Triste deriva
Bachelet e il comitato del No in versione brutta copia di Alvaro Vitali. Post trash contro chi vota Sì
Hanno iniziato citando i padri costituenti hanno finito per imitare Alvaro Vitali: è la bizzarra parabola del comitato del No e di alcuni dei suoi paladini più bellicosi, come Giovanni Bachelet, presidente del Comitato Società Civile per il No ed ex deputato Pd. Il figlio del vicepresidente del Csm trucidato dalle Brigate rosse, ha iniziato la campagna per il No volando alto con citazioni nobili, con scarsi risultati e ha optato per una campagna decisamente più trash.
Che raffinatezza: l’ex deputato Pd ironizza sui sanitari per il Sì
Bachelet junior, che è stato anche deputato del Pd con poco memorabili risultati, sta finendo questi ultimi scampoli di campagna referendaria con messaggi a livello elementare: come la classe del Pierino cinematografico interpretato dal compianto Alvaro Vitali.
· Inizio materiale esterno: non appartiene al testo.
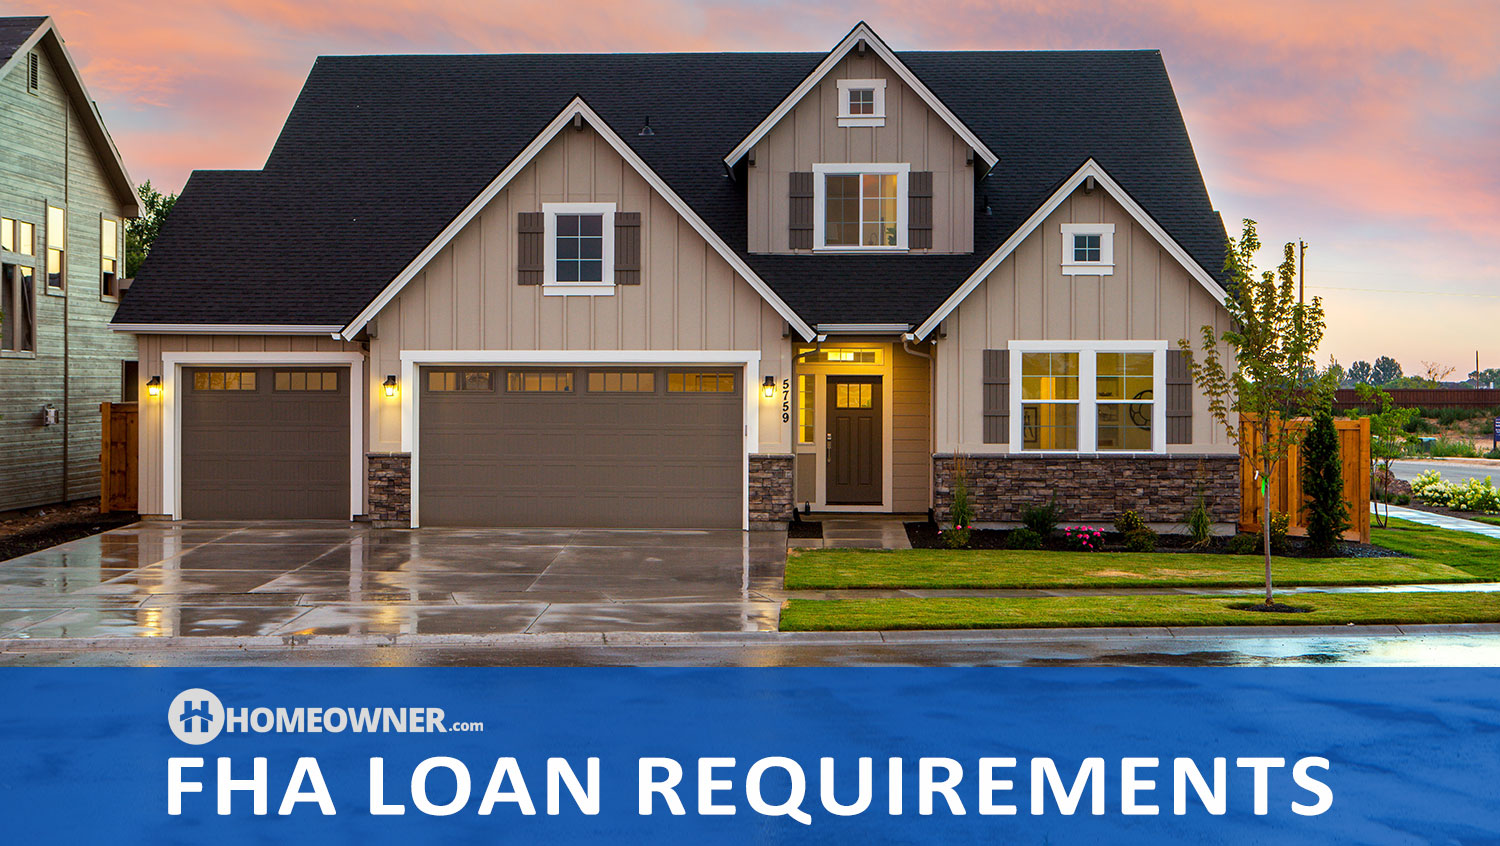 How To Qualify for an FHA Loan
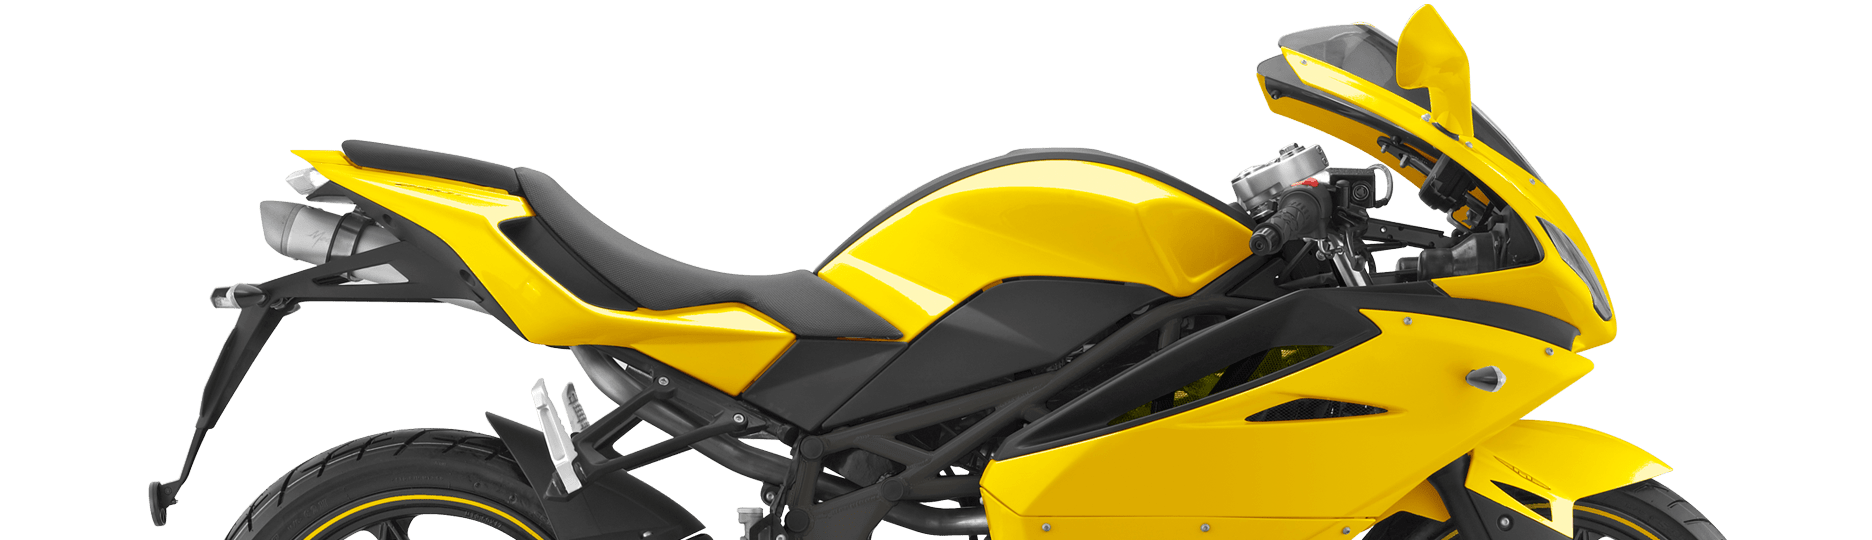 motorcycle styling design

L’ultimo triste gradino di questa parabola è apparso mercoledì 4 marzo sulla bacheca social dell’ex deputato dem. Ha pubblicato una notizia appena battuta dalle agenzie: «Nasce il Comitato sanitari per il sì: oltre 250 professionisti sanitari a sostegno della riforma della giustizia per la quale si voterà al referendum del 22 e 23 marzo. È quanto riferisce una nota..».
Con un’arguzia a metà strada tra l’eleganza di Woodhuse e la raffinatezza di Achille Campanile, il paladino del No ha condiviso ad accompagnare la notizia una foto di una tazza del water e di un bidet. Capito la raffinatezza del 70enne docente universitario? Sanitari per il Sì.
In effetti, l’arruolamento di Alvaro Vitali nel comitato del No è una soluzione che neanche Ionesco avrebbe potuto concepire. Memore dl film “Pierino contro tutti” nel quale un iconico Alvaro Vitali imbraccia una “tazza del cesso”, Bachelet ha deciso di arruolarlo nel più trash dei modi.
Bachelet si nasconde dietro il post goliardico, ma la figuraccia è fatta
Le proteste sono fioccate, inevitabilmente. Tanto che alla fine, l’autore del post è dovuto correre ai ripari, rispondendo così a un utente che si lamentava del cattivo gusto dell’iniziativa.